2. Turnover and Retention Analysis Tools
Dedicated tools focused on turnover and retention analysis can provide detailed reports and insights into why employees leave. They help HR teams identify patterns across various demographics such as tenure, age, role, or location. These insights can drive targeted retention efforts, improving employee engagement and reducing overall turnover.
Why This Matters:
Deep Data Insights: These tools can track turnover trends by factors like employee tenure, reasons for leaving, and department, helping HR make data-driven decisions.
Retention Strategy: They highlight potential issues with management practises or workplace culture, providing actionable insights to improve retention strategies.
Predictive Analytics: Some tools even offer predictive capabilities, helping HR forecast potential turnover and proactively address it before it becomes a problem.
By tracking employee turnover, HR teams can make informed decisions that improve retention, boost productivity, and foster a positive workplace culture. This metric provides key insights into employee satisfaction and organisational health, allowing businesses to address challenges and optimise strategies.
At Craze, we simplify HR processes with powerful tools that help you track, manage, and analyse key HR data. Our platform streamlines your HR operations, ensuring better decision-making and a more engaged workforce.
See how Craze can transform your HR management by booking a demo today.

1. What factors influence a company's turnover rate?
Several factors, including company culture, job satisfaction, management quality, career growth opportunities, and compensation, influence the turnover rate. High turnover might signal issues with one or more of these elements. By tracking turnover, companies can identify specific pain points. Understanding these drivers can help HR teams address retention challenges more effectively.
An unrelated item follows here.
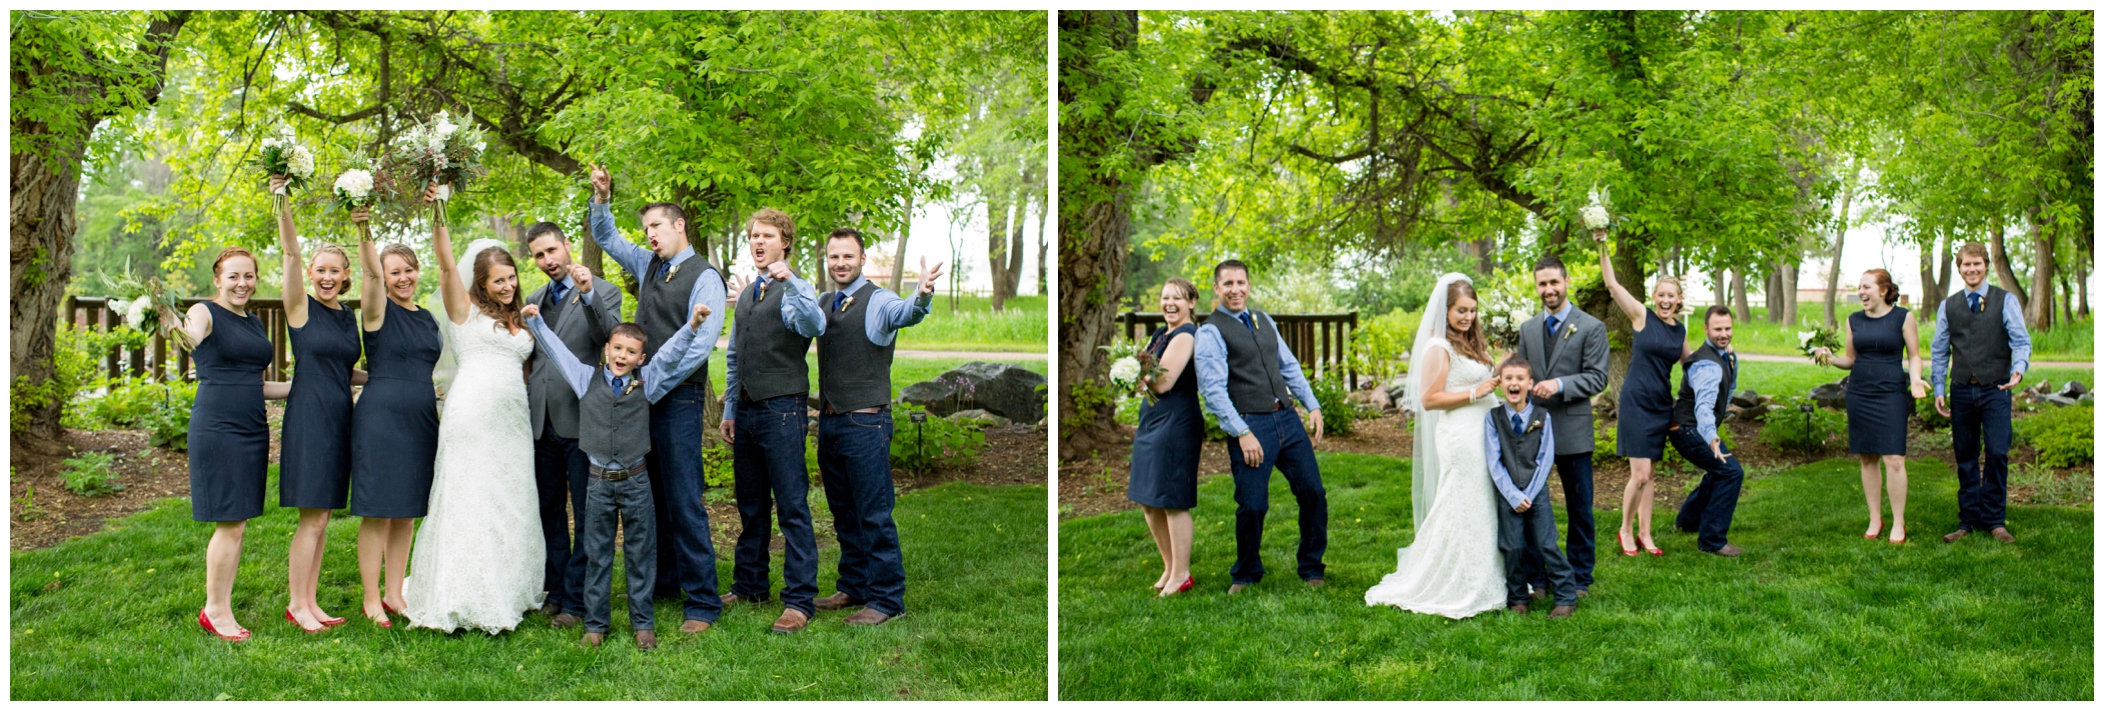 picture of groomsmen in jeans and vests

2. How do voluntary and involuntary separations affect the turnover rate?
Voluntary separations occur when employees choose to leave, often due to dissatisfaction, better opportunities, or personal reasons, whereas involuntary separations are initiated by the employer, such as layoffs or terminations. Distinguishing between these two is crucial because high voluntary turnover might point to internal issues like poor management or lack of growth, while involuntary turnover could indicate external factors like company downsizing. Understanding both types helps businesses target specific retention strategies.
3. Can the employee turnover rate be calculated for individual departments or teams?
Yes, turnover rate can be calculated at the departmental or team level, which provides more granular insights into specific areas of the organisation. For instance, if the HR department has a higher turnover rate than others, this could signal issues such as poor leadership or inadequate support. By segmenting turnover data by department or team, HR teams can target their efforts to the areas that need the most improvement.
4. How often should employee turnover be calculated?
Employee turnover should be calculated regularly, but the frequency depends on the company's needs. For most businesses, calculating turnover on a monthly or quarterly basis offers timely insights into workforce stability. In fast-changing industries or during periods of significant organisational change, tracking turnover monthly allows HR to quickly identify trends and take corrective actions. Annual turnover rates provide a longer-term view of overall retention and engagement strategies.
5. What are the implications of a high turnover rate on a business?
A high turnover rate can have several negative implications for a business, including increased recruitment and training costs, loss of company knowledge, and a decrease in team morale. High turnover often signals deeper issues within the organisation, such as poor culture, ineffective leadership, or lack of employee engagement. It can also impact productivity as teams may be in constant flux. Addressing high turnover proactively helps maintain stability and reduce associated costs.